Using AWS, you can set up and deploy all kinds of services within minutes–everything from virtual machines and containers, to file storage, to databases, and even a programming code function. While deploying AWS services can be easy, sizing them can be challenging. 

In fact, it’s hard to anticipate the amount of resources your new project might require without historical data on a similar application, run with a similar code stack, receiving similar levels of user activity, during peak usage hours. And because of so much unknown, it’s far safer to overestimate your resource needs than it is to risk application stability by trying to start off lean.
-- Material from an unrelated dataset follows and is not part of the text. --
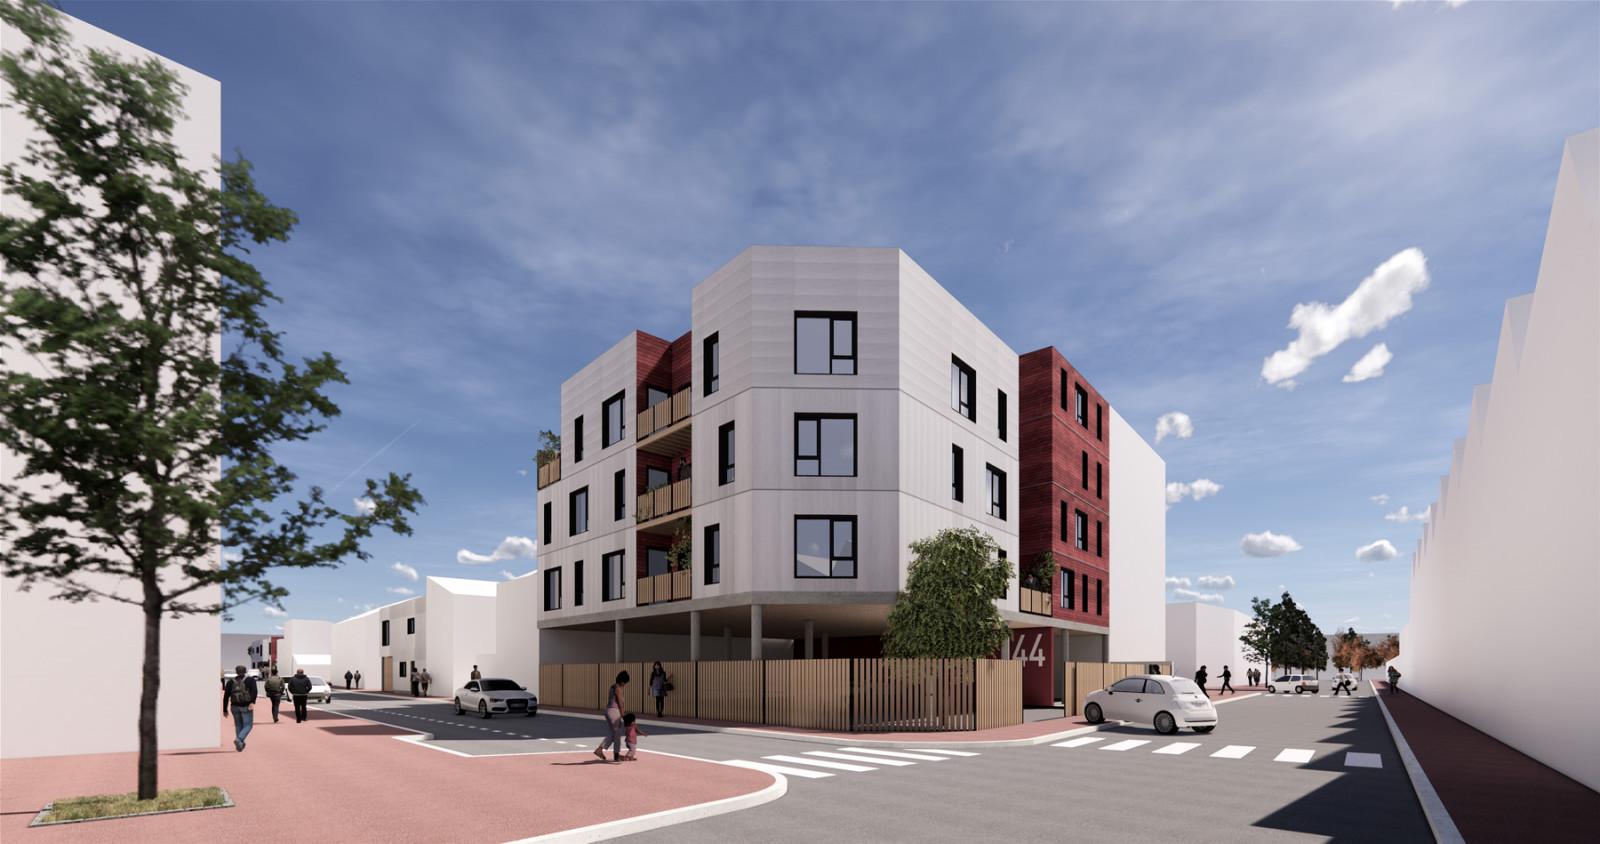 graam-la-traversee-01-logements-gennevilliers-exterieur-rue-collectif

But there is something you can do to dial in those resources soon after deploying them. 

In this article, we’ll take a look at the most common AWS sizing tools for resource optimization, broken down by their different approaches, so you can start reducing your overall bill.

1. Sizing by Recommendations

Trusted Advisor is an AWS sizing tool that provides resource recommendations across five categories: cost optimization, performance, security, fault-tolerance, and service limits. These recommendations are powered by checks (up to 115 in total) that run in real-time across each category. 

Trusted Advisor Dashboard (Source. https://aws.amazon.com/)

These checks can save you money by automatically:

  • Identifying unused resources
  • Identifying  idle resources
  • Recommending Savings Plan purchases
  • Checking for over- or under- used instances
  • Checking reservation contract expirations

Trusted Advisor also supports email notifications that trigger when a check’s status changes. You can use ongoing real-time checks and email notifications as a great way to trigger automating your scripted AWS sizing tasks. 

This service offers two basic checks for free. For full access to all of Trust Adviser’s checks, you must have the business or enterprise AWS support tier. 

Hybrid Cloud Solutions Demo

See the best multi-cloud management solution on the market, and when you book & attend your CloudBolt demo we’ll send you a $75 Amazon Gift Card.

Book demo

2. Sizing by Historical Workloads 

The Compute Optimizer is a tool that provides AWS sizing recommendations for your inventory of Amazon EC2 instances. This tool analyzes historical resource utilization data (via CloudWatch) to create optimal resource recommendations for maintaining similar workloads. These recommendations commonly consist of switching instance sizes or instance types, but can also include Auto Scaling Group (ASG) and EBS volume recommendations. 

The Compute Optimizer’s dashboard provides a visual representation of your total under-provisioned, over-provisioned, and optimized resources so that you can quickly gauge the overall efficiency of your inventory by each resource type. 

AWS Compute Optimizer Dashboard (Source. https://aws.amazon.com/)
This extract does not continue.